• Instructions to follow
Your task is to restate word for word the lines in the material below, from the one with "Animaux Rhinocéros Guinée" up to and including the one with "Asan drawing". Do not carry over the pictures.
------ Available data ------
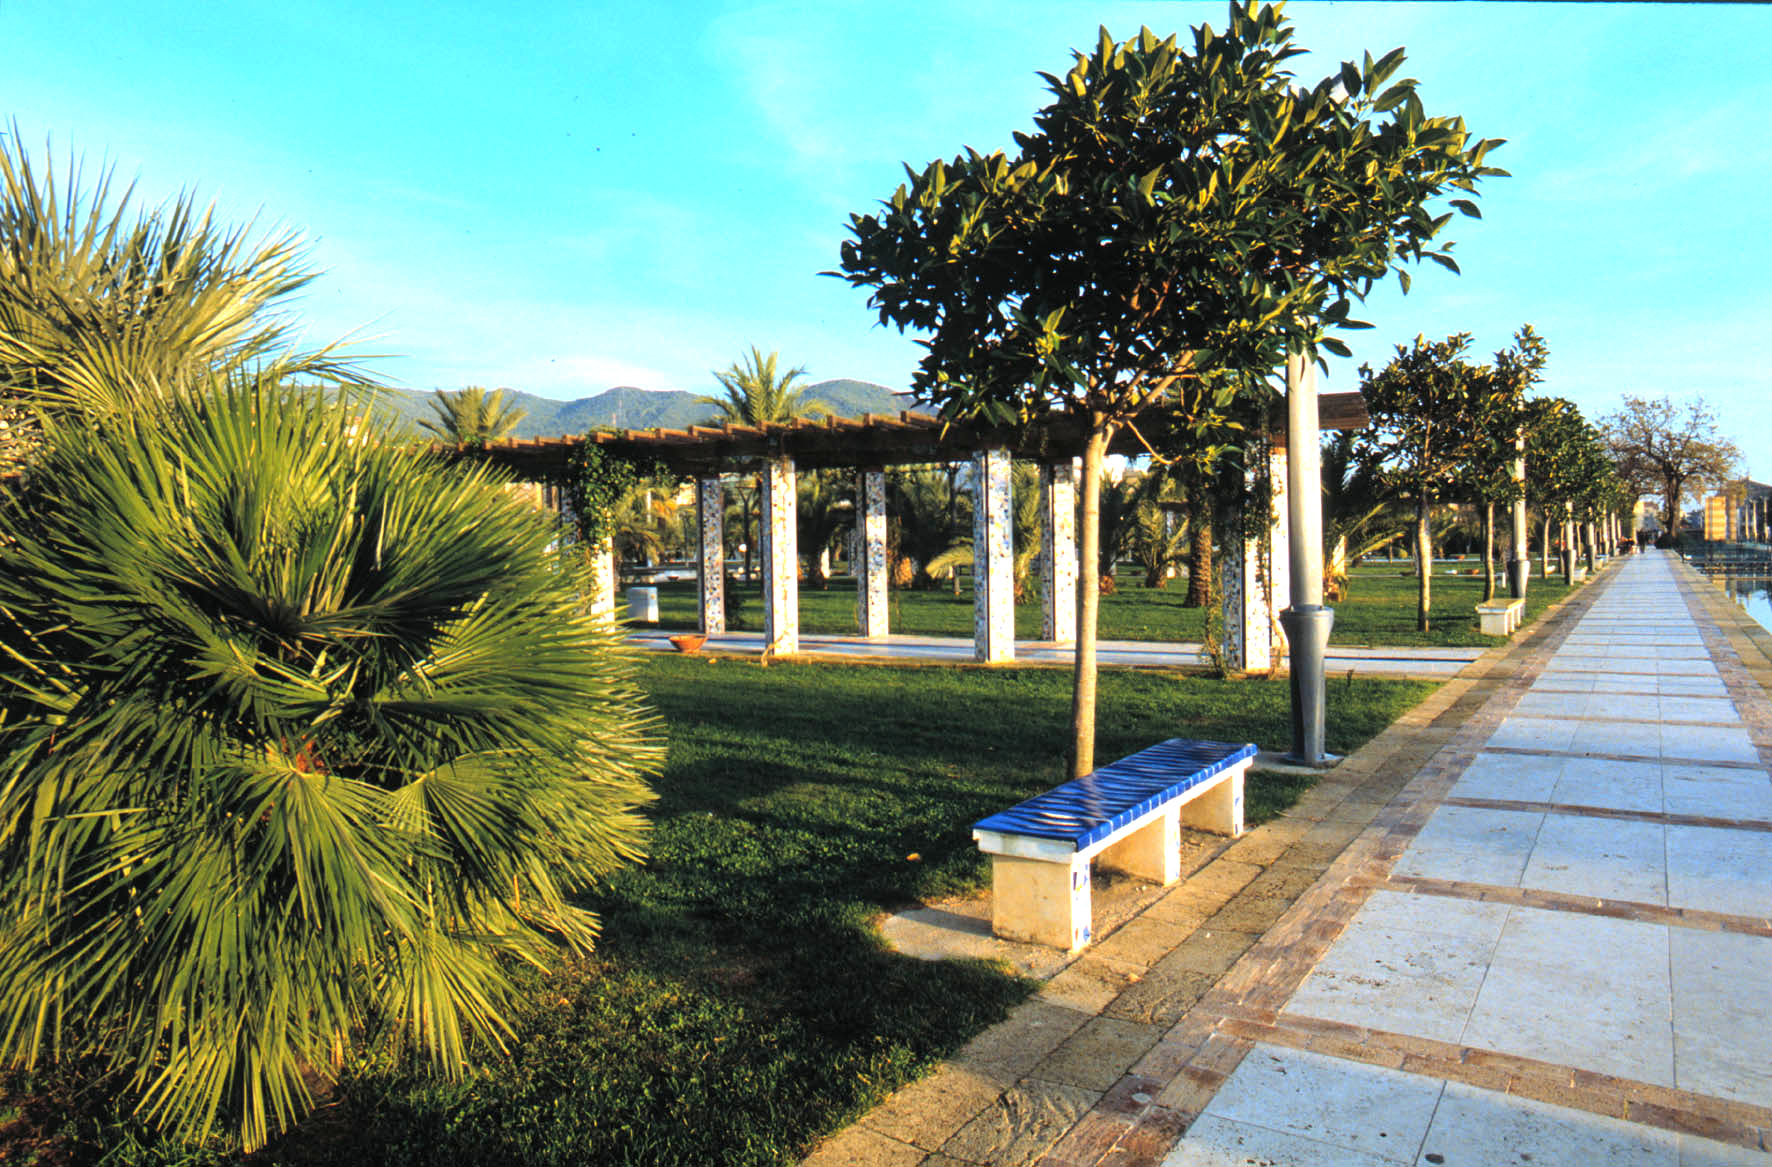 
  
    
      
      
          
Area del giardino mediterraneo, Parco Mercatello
------
------ Available data ------
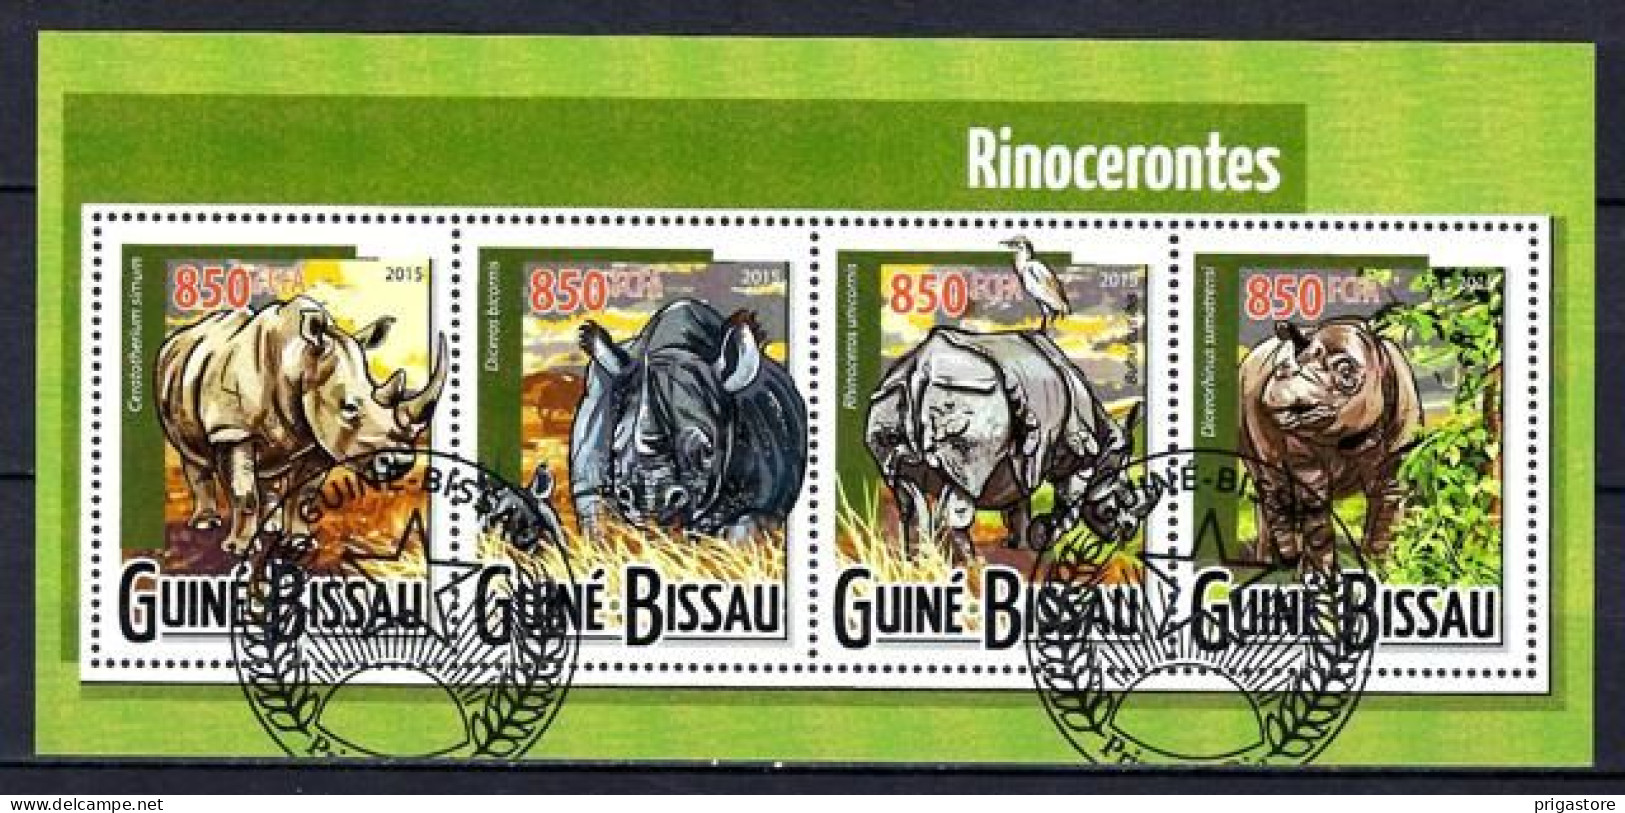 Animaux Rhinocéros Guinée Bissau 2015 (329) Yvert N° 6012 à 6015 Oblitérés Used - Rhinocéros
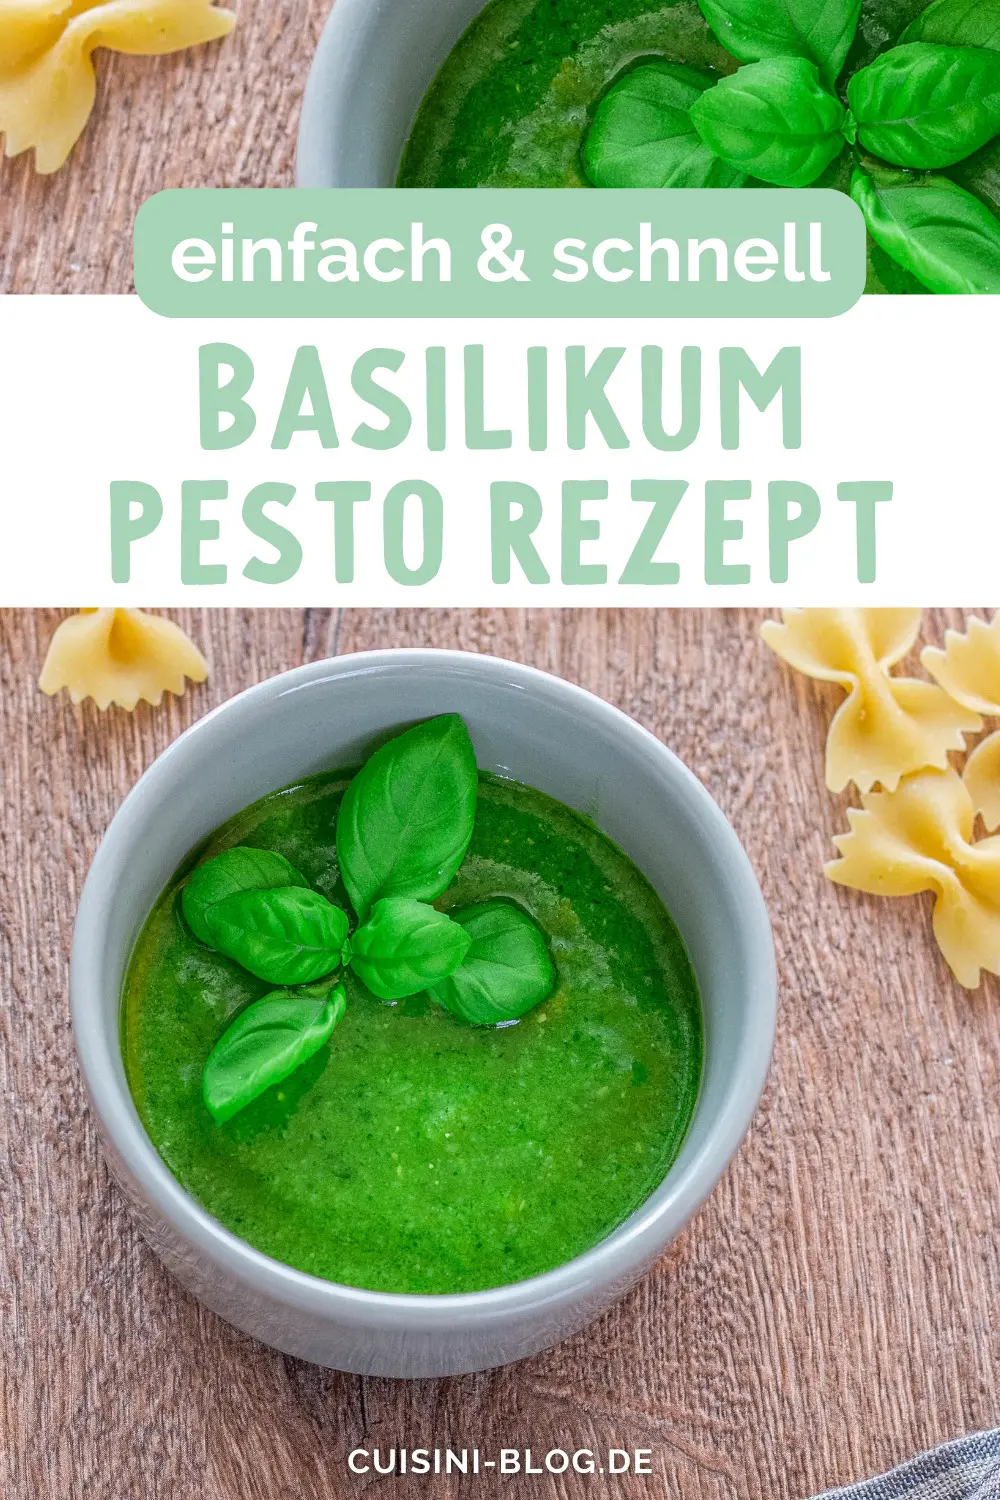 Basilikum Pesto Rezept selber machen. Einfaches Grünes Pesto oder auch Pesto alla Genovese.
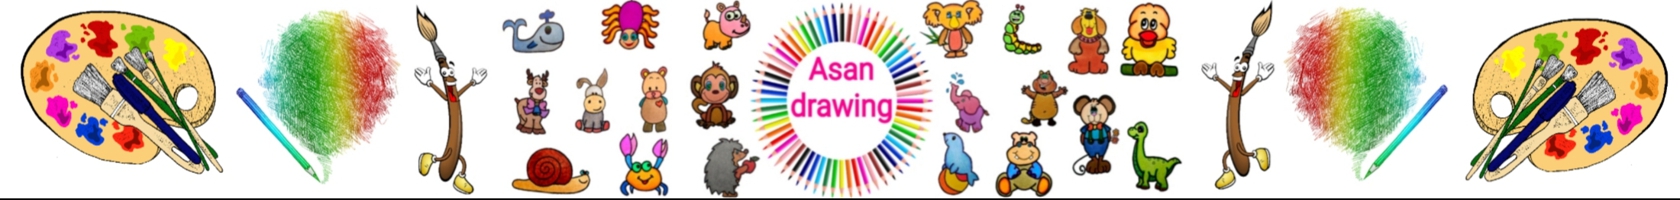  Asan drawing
------
• Response below
 Animaux Rhinocéros Guinée Bissau 2015 (329) Yvert N° 6012 à 6015 Oblitérés Used - Rhinocéros
 Basilikum Pesto Rezept selber machen. Einfaches Grünes Pesto oder auch Pesto alla Genovese.
  Asan drawing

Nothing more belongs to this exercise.